Concrete 2.0

Status quo

"We produce more concrete than anything else, any other product, apart from clean water"

About three tons of cement are consumed for every person on Earth every year, for a total of about 22 billion tons. A useful yardstick to understand the extent of this data is that in the same way it has been estimated that the production of plastic is, in absolute terms, around 8.3 billion tons of plastic.

Ordinary Portland cement, the binder in the concrete production formula, is produced by cooking lime in special kilns in a process that emits about one ton of carbon dioxide for every ton of cement. Cement production is responsible for about 8% of global man-made CO2 emissions, according to the World Business Council for Sustainable Development. Some carbon dioxide released into the atmosphere is partially reabsorbed by the concrete: in 2016, it was estimated that between 1930 and 2013, about 43% of the CO2 released from lime during heating was then reabsorbed by concrete products worldwide. Unfortunately, this absorption comes at a price. When concrete is used in steel-reinforced structures, as CO2 moves through it, the pH of the surrounding environment changes: concrete loses its alkalinity and, when moisture and oxygen are present, it causes the reinforcement to rust.

Given these issues, concerns about the environmental impact and structural longevity of concrete, why do we continue to build with it? Concrete is economical, versatile, quick to make and does not require any special additional technical treatments. While still considered one of the most impacting materials on the biosphere, these intrinsic characteristics and some new developments towards "greener" formulas have confirmed concrete as a still viable option, even if radical changes to industry standards are likely to be met with caution. Furthermore, statistics show that reinforced concrete structures resist earthquakes much better than unreinforced brick buildings. Concrete's resilience to natural disasters contributes to its applicability.

Low-emissive concrete: applications in "INLEGNO" retrodesign

The exercise carried out in the INLEGNO volume involved the retro-design of a building currently under construction, from which it would be easy to extrapolate project data for objective comparison with a new innovative proposal. The idea was to compare the traditional construction technique, the one used in the reference case, with a hybrid concrete-wood construction, trying to understand how the aspects related to cutting emissions, increasing costs, solving technical problems, construction site management perceived architectural quality related to each other. The results obtained were encouraging and provided tools with which to defend, numbers in hand, an important choice such as that of focusing on timber structures for the construction of tomorrow's architecture.

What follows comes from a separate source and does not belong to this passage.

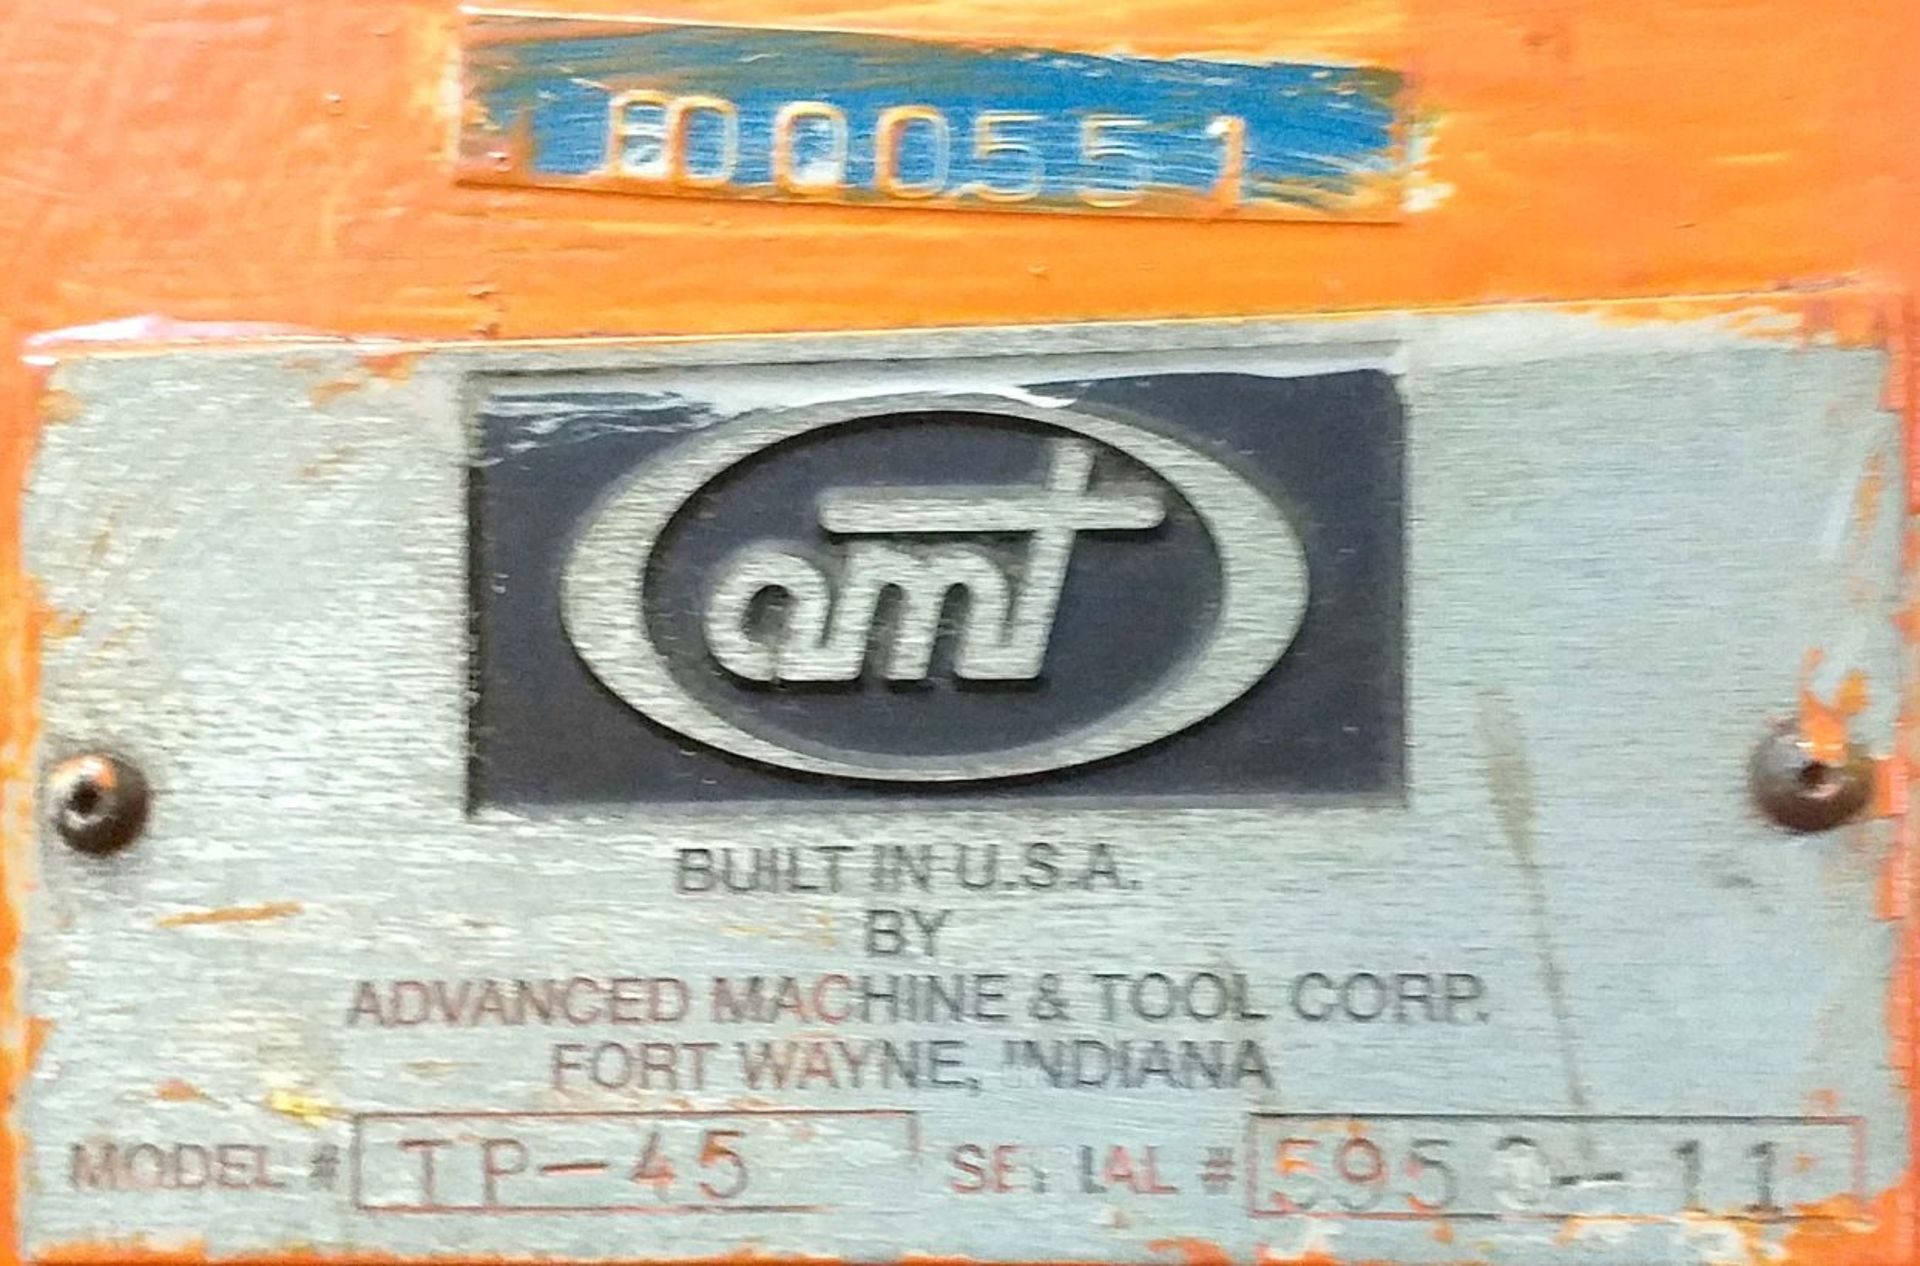 AMT final form press, Model TP-45, N-S 5950-11, 480 volts., Máquina Regal 417; Prensa forma final - Image 3 of 3

Part of the maturity with which this research work was carried out also lies in the fact that, reasoning first and foremost on the actual feasibility of the proposed concept, it was decided to design a hybrid structure with the use of concrete as the predominant technology for the construction of foundations and lift shafts.

Today, one year after the publication of INLEGNO, we tried to find out how to work on the least sustainable component of the already formalised proposal: concrete. Proposing a hybrid structure does not necessarily mean that less noble and less innovative parts of the concept must remain so. Even a high-emissive industry such as the concrete one is moving towards options that allow the containment of the CO2 emissions associated with it. One of the main reasons behind reluctant attitudes towards more sustainable solutions, on paper, lies precisely in the fact that they are often not economically feasible. By anchoring part of the feasibility of a project to a technology that is known, tested, economically viable and made less impactful by a refurbishment, one can certainly increase the percentage of possibility that a proposal sees the light.

In light of these considerations, the cement-containing components of the project were revisited in collaboration with Italcementi.

The main objective was to calculate how many emissions attributable to the concrete structure could be cut if the raw material came from more innovative processing.

The lift shafts, ground floor structures and foundations were redesigned according to this criterion. Each characteristic strength of the concrete was coupled with its emissive contribution in order to understand whether and how, as the cross-section varies, the CO2 production may also vary. The design ideas were divided into different scenarios, from which data was then extrapolated to optimize the best mode. Again, the final choice was directed towards a hybrid option: a maximum characteristic resistance was not chosen, because although the quantity of CO2 emitted was greatly reduced, the construction costs would have increased, making it unaffordable. The project was rethought with structures that respect the ... characteristic resistance and integrate the emission reduction technologies related to the production of Portland cement, the material used as a binder in the concrete mix, proposed by Italcementi. The implementation of the ECO Low Carbon range in the structures described above has resulted in a reduction of approximately 65.4% of CO2 at a cost increase of approximately 2%.